In 2010, an important income limit law changed that allowed those making over $100,000 a year to convert traditional IRA’s to Roth IRA’s. This change creates a backdoor into the Roth IRA for those not qualified. I will be going into more detail about Individual Retirement Arrangements (IRA, commonly mistaken as Individual Retirement Account) later for those who are not familiar, but I wanted to get this information out since the end of the year is a few days away. Especially since I’ve been hearing from a lot of high earners who previously thought they were competely disqualified from depositing money into a Roth IRA.
Detailed information regarding IRA’s can be located on the official IRS website. Again, followup information about IRA’s will be coming soon in the investment learning series.
Can You Contribute to a Roth IRA?
Generally, you can contribute to a Roth IRA if you have taxable compensation and your modified AGI is less than:
- $179,000 for married filing jointly or qualifying widow(er),
- $122,000 for single, head of household, or married filing separately and you did not live with your spouse at any time during the year, and
- $10,000 for married filing separately and you lived with your spouse at any time during the year.
– Internal Revenue Service
How To Contribute To A Roth IRA If You Do Not Qualify (How Convert A Traditional IRA to a Roth IRA)

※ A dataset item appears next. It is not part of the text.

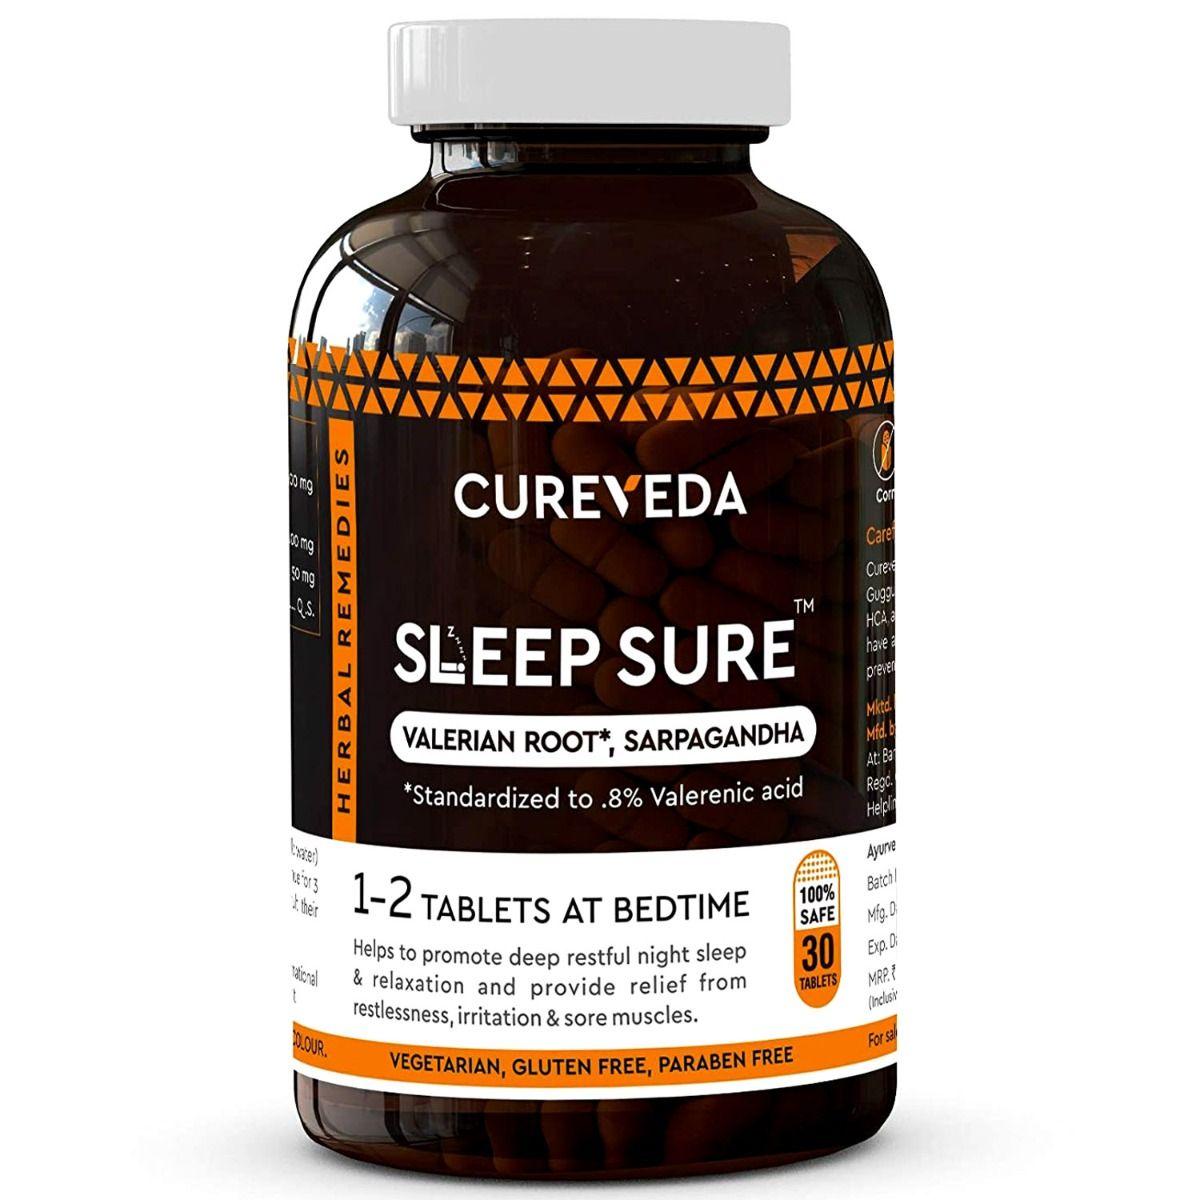 Cureveda Sleep Sure, 30 Tablets

- You have until April 17, 2012 or the day you file your taxes (Otherwise you may have to file an amendment) to use this method to contribute to a Roth IRA indirectly. These steps assume you will be using the same brokerage or bank for your conversion.
- Open a new Traditional IRA at your choice of bank, brokerage, discount brokerage, or with your investment adviser/financial planner.

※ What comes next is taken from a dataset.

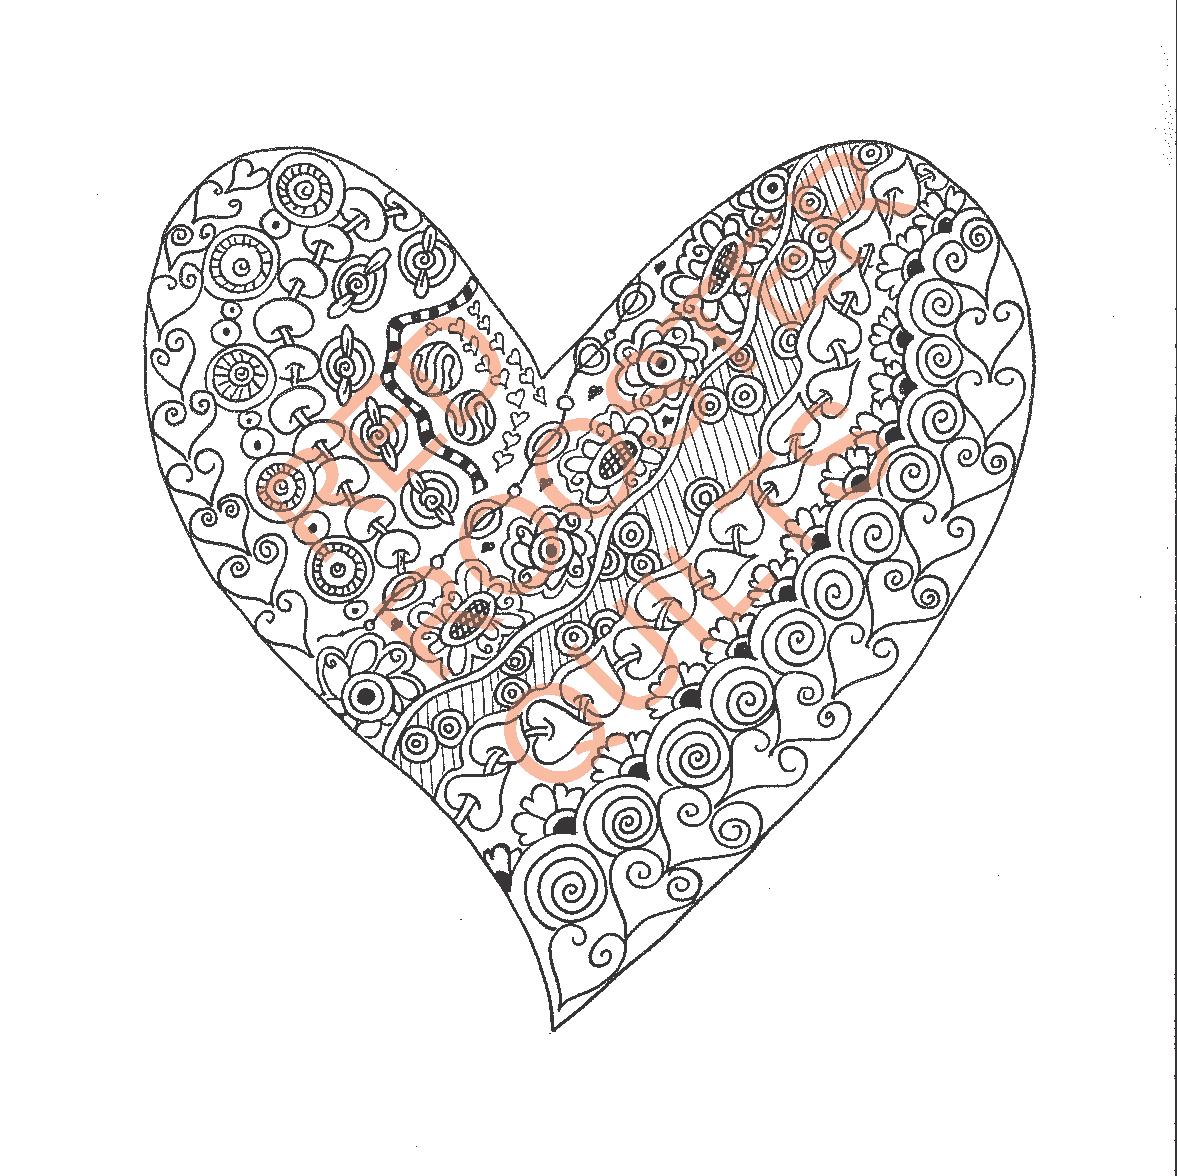 Zentangle Inspired Heart Swatch - RRQ Original

- Contribute the amount you would like into the Traditional IRA you just opened. The limit for 2011 is $5000.
- At the same time you open your account, open a new Roth IRA. If you already have an existing Roth IRA, skip this step.

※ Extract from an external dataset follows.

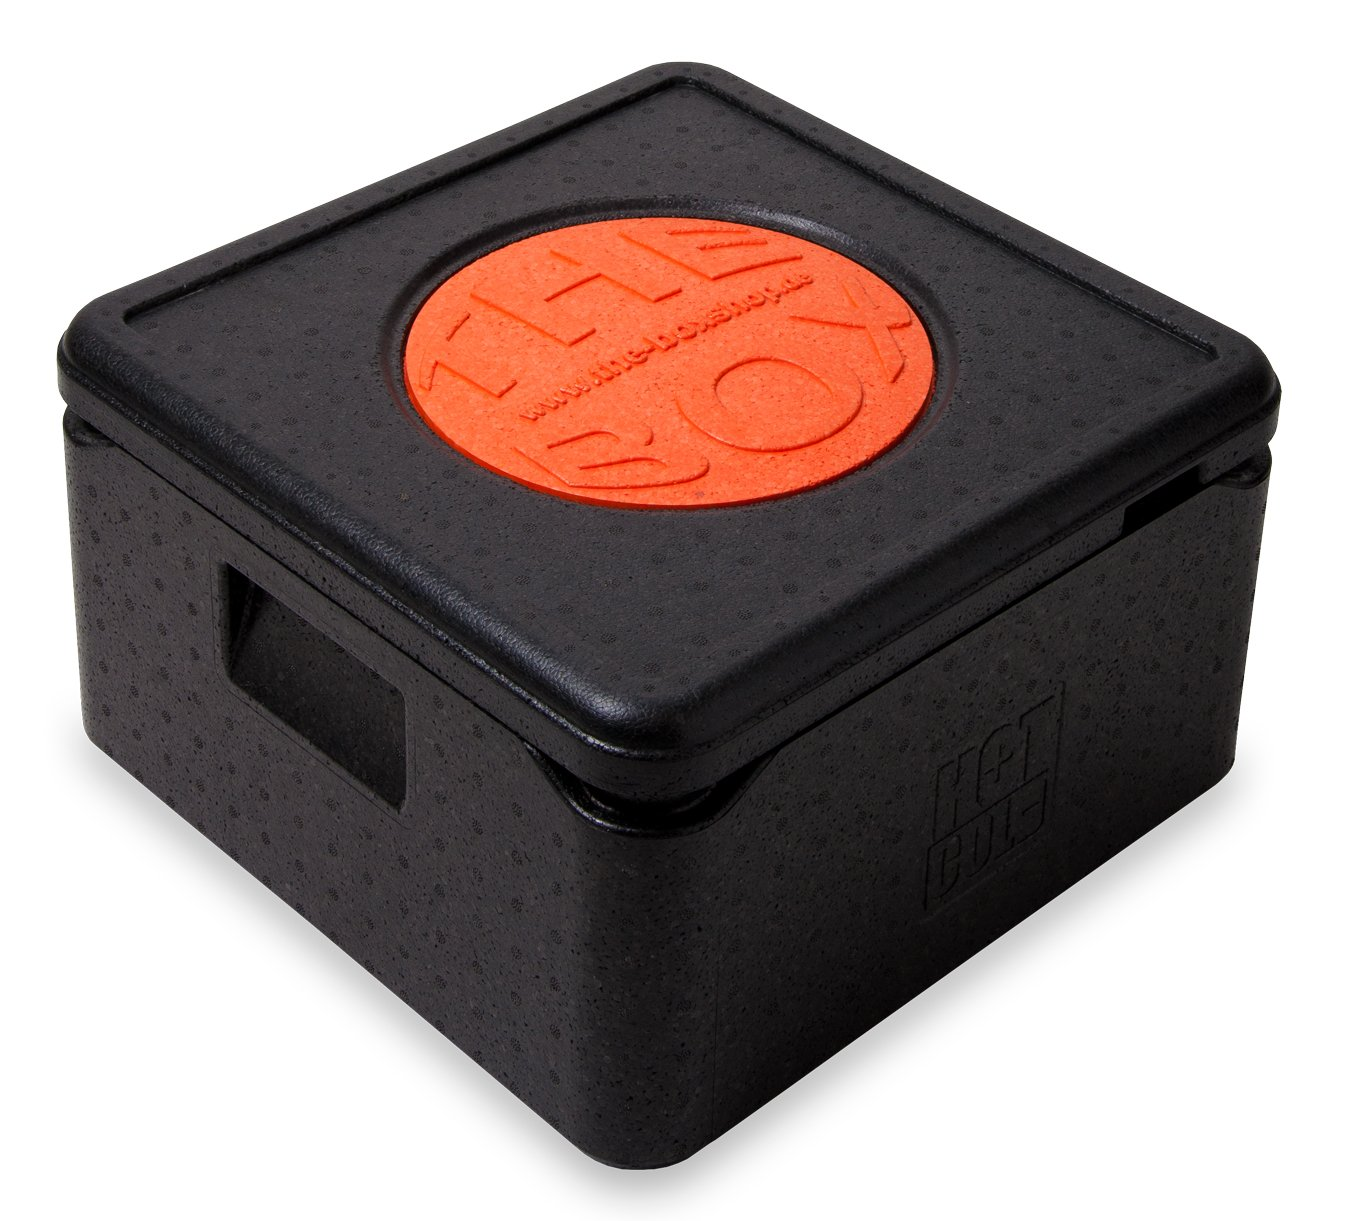 *6er Paket* - THE BOX Thermobox Pizza mittel 79771; schwarz, Außenmaß 41 x 41 x 24 cm, Innenmaß 35 x 35 x 17,5 cm, Nutzhöhe 17,5 cm, 21 l.

- Fill out a Roth IRA conversion form.
- Enter your personal and contact information as the form dictates. Every brokerage or bank has their own forms.
- Under “type of current plan” check off Traditional IRA (the one you just opened and funded) and enter the that account number.
- Select “total conversion.” If there is only a spot to place a dollar amount, write down the amount you contributed. If it was the maximum $5000, enter that number.
- Then choose, “convert into existing Roth IRA” and enter that account number. At your bank or brokerage, they may have an option to convert the new Traditional IRA into a Roth IRA automatically if you do not have an existing account (allowing you to skip step 4 as well).
- In the Federal & Tax Withholding section, select that you do not want any taxes withheld.
- Be sure to sign and date the document and submit it at the same time you open the Traditional IRA or immediately after the contributory funds are deposited.
- It may take a few days after your bank or brokerage processes the forms, but you have now contributed to a Roth IRA by using the conversion method. Congratulations!
Potential Tax Consequences
If you follow the above guide and start a brand new Traditional IRA and convert the entire amount to a Roth IRA, you will owe no taxes. Make sure that you when you file your tax return you do not take any deduction on the Traditional IRA. It is also known as a Non-Deductible IRA, or Non-Deductible Traditional IRA.
However, if you have an existing Traditional IRA that has investment gains in the account, you may have to pay taxes on the conversion. This guide does not cover existing Traditional IRA, total or partial, conversions to a Roth IRA. If you do not have the expertise to properly estimate the potential tax consequences of a conversion, please consult a tax professional, accountant, or financial adviser.